╔══

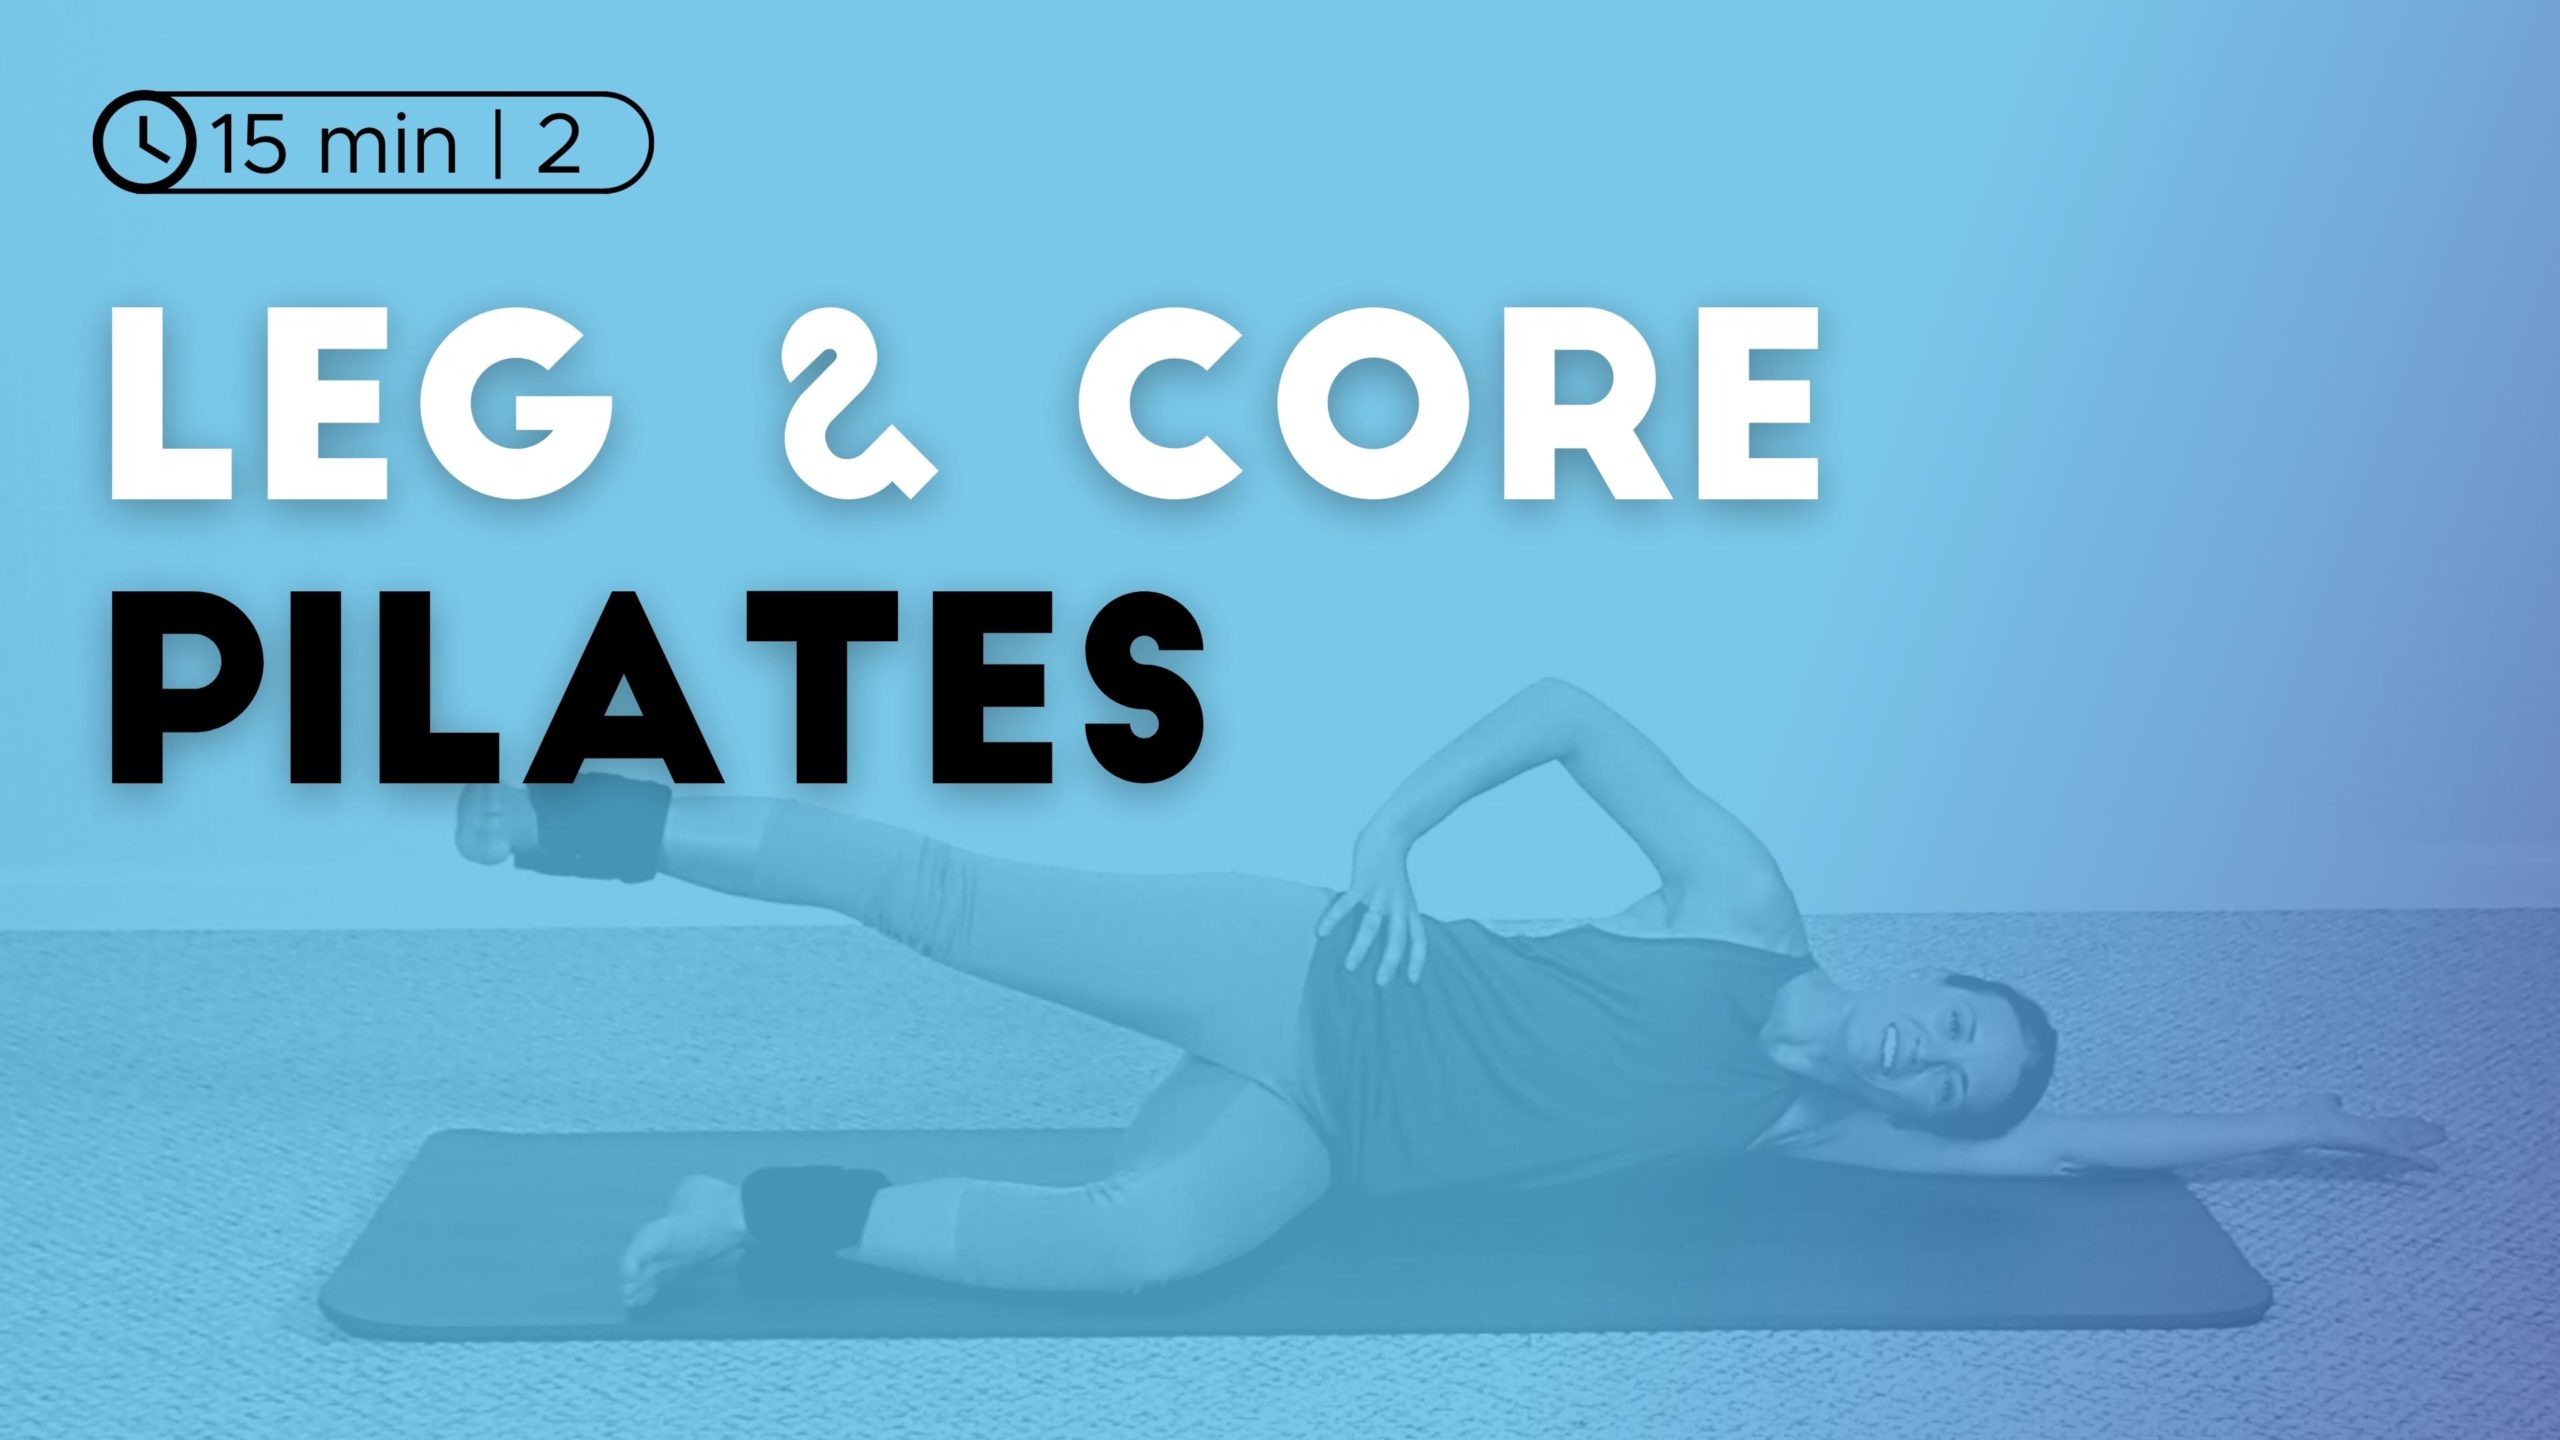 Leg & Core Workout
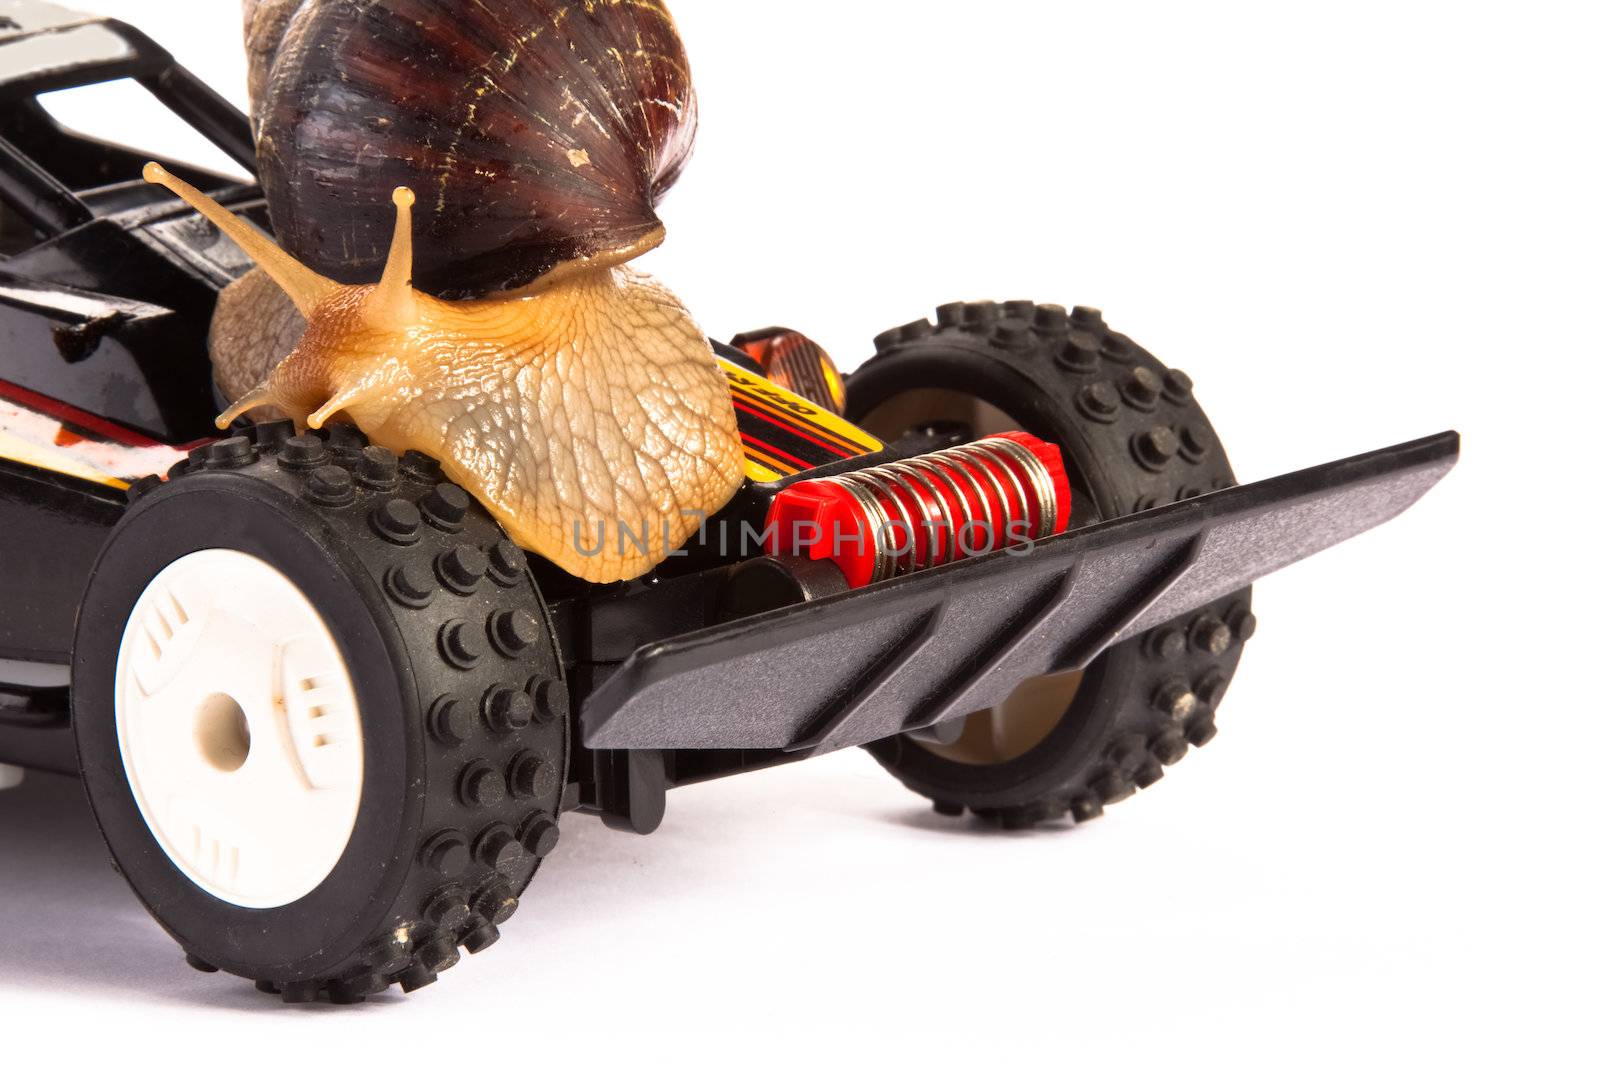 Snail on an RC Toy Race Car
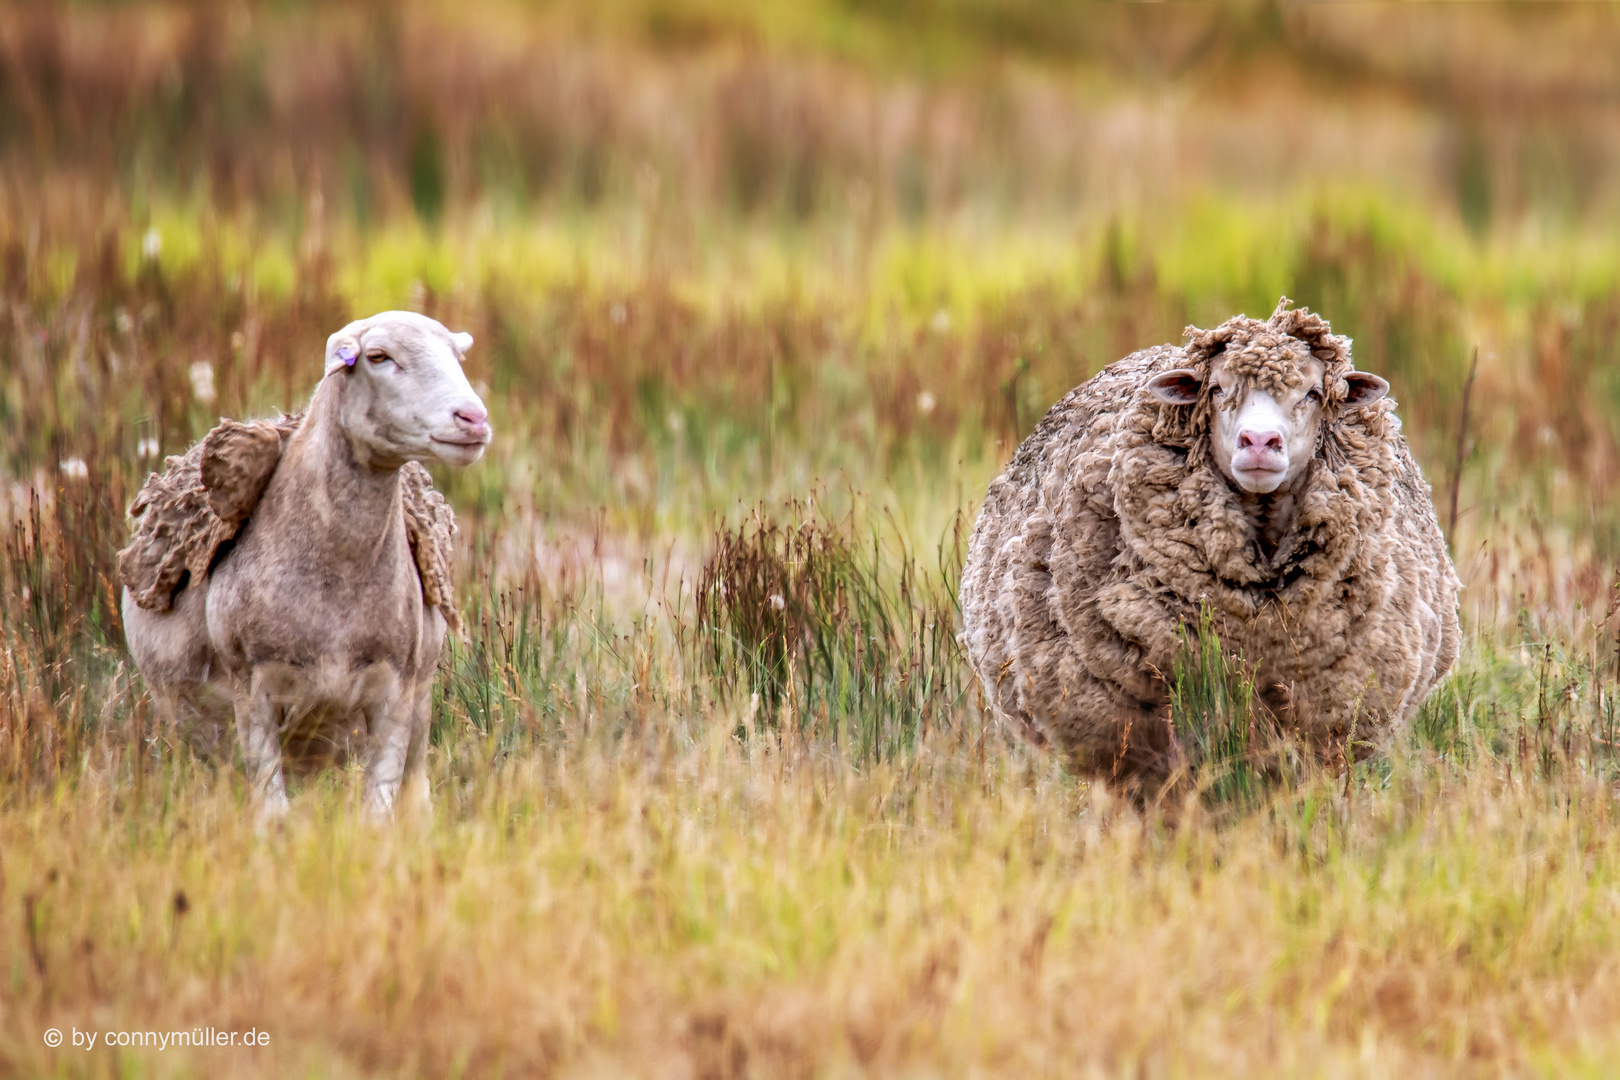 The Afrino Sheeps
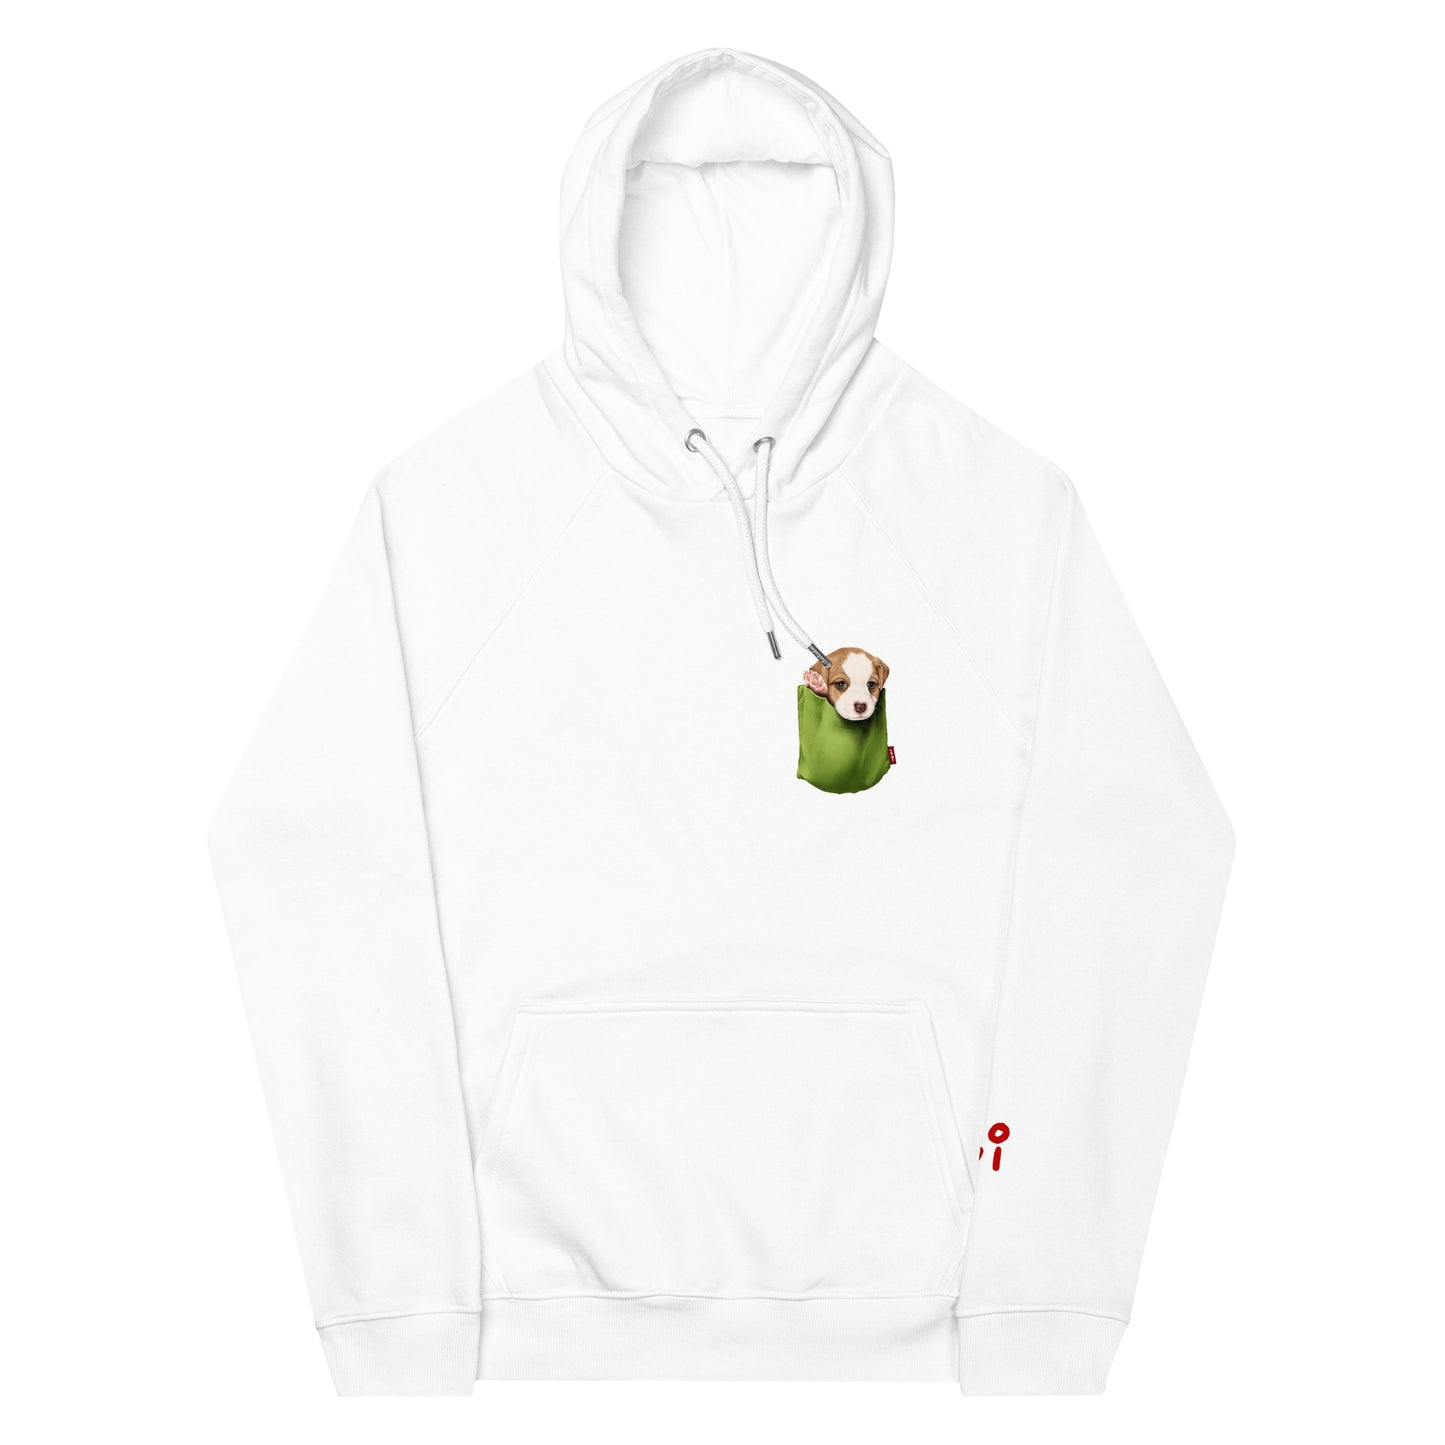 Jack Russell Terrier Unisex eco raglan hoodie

╚══

When you retype the data above, match every line exactly and leave the pictures behind.

 Leg & Core Workout
 Snail on an RC Toy Race Car
 The Afrino Sheeps
 Jack Russell Terrier Unisex eco raglan hoodie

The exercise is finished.